**DATASET EXCERPT**.
========================
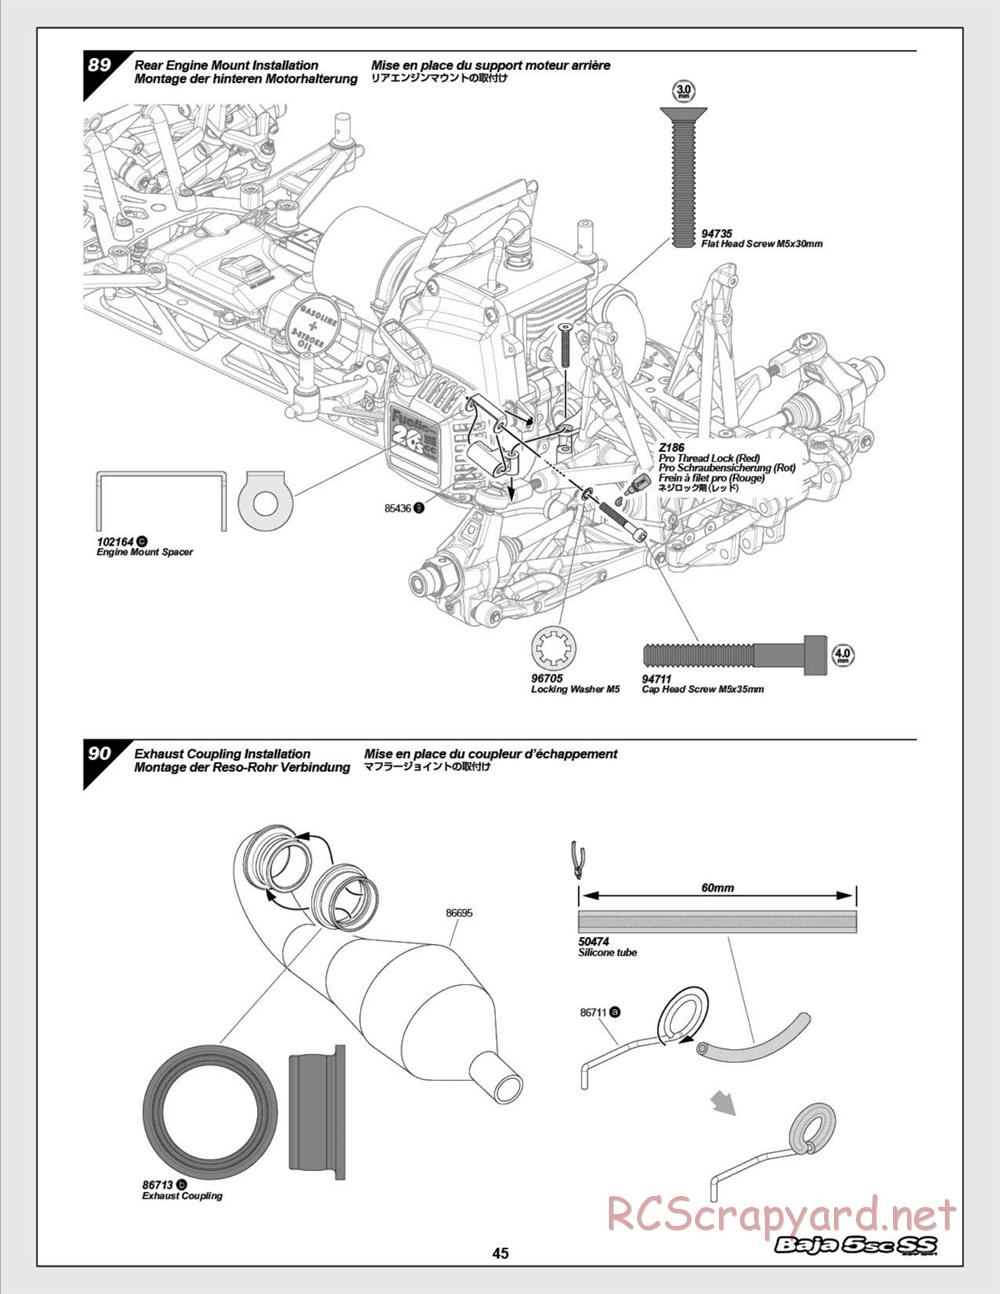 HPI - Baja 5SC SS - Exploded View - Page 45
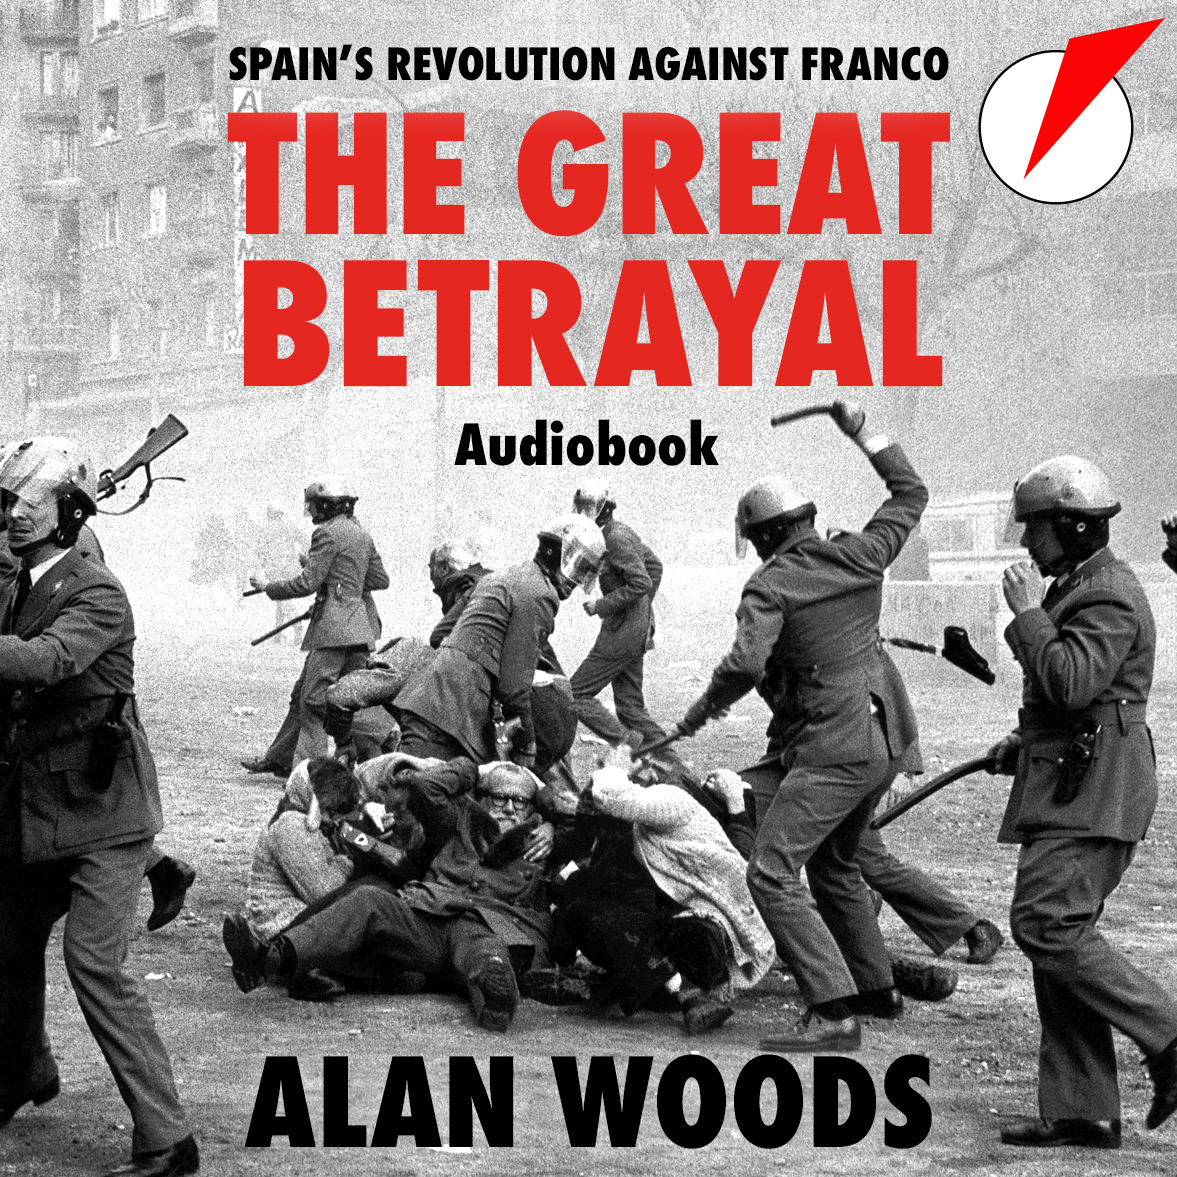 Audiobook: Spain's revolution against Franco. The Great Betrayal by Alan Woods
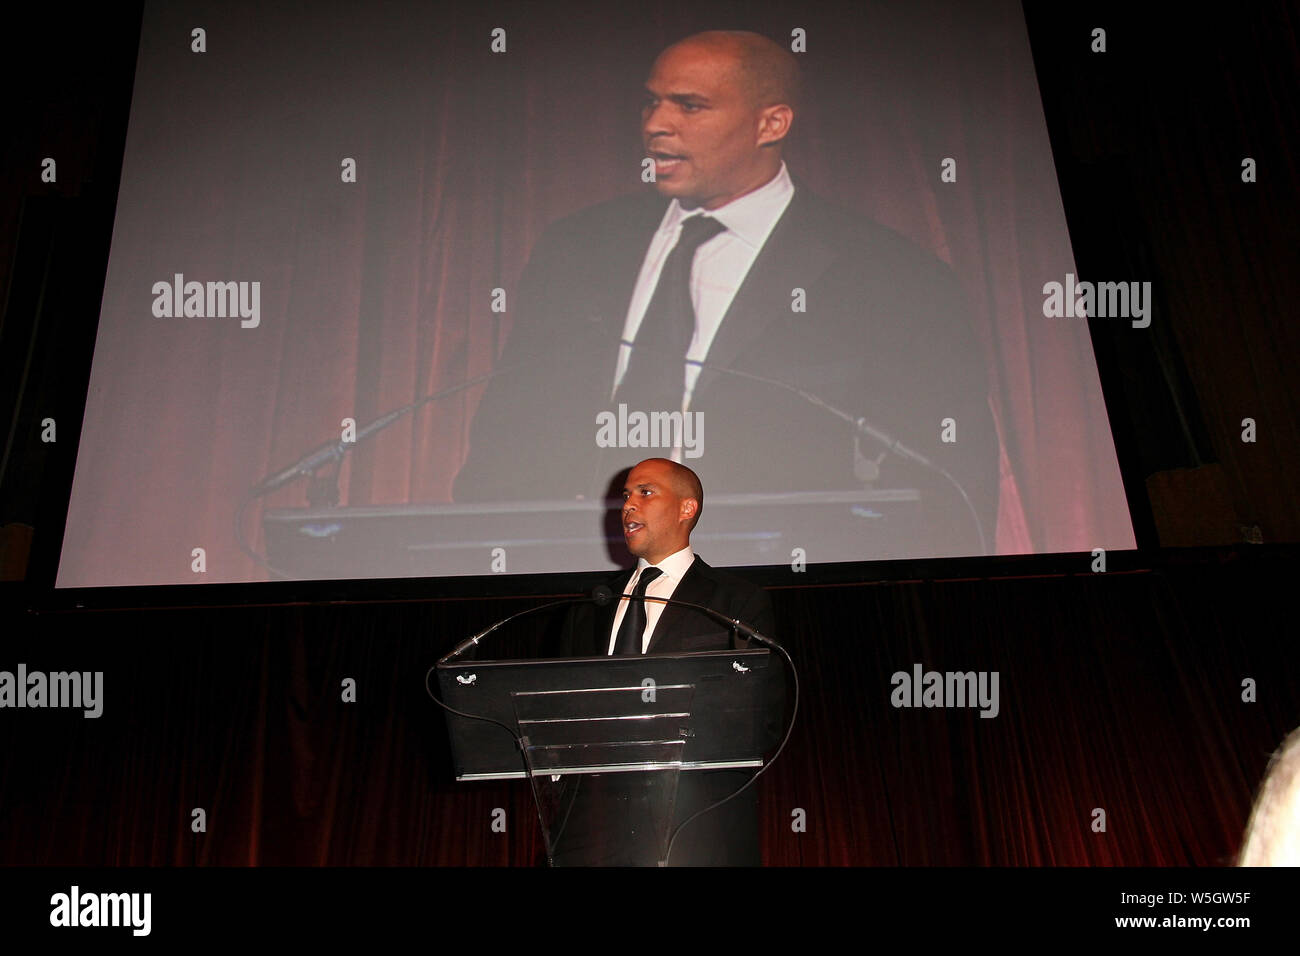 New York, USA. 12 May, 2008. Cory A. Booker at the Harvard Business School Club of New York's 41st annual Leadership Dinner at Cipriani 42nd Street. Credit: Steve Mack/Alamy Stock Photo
========================
Repeat the data exactly, without the pictures.

**ANSWER SPACE**.
 HPI - Baja 5SC SS - Exploded View - Page 45
 Audiobook: Spain's revolution against Franco. The Great Betrayal by Alan Woods
 New York, USA. 12 May, 2008. Cory A. Booker at the Harvard Business School Club of New York's 41st annual Leadership Dinner at Cipriani 42nd Street. Credit: Steve Mack/Alamy Stock Photo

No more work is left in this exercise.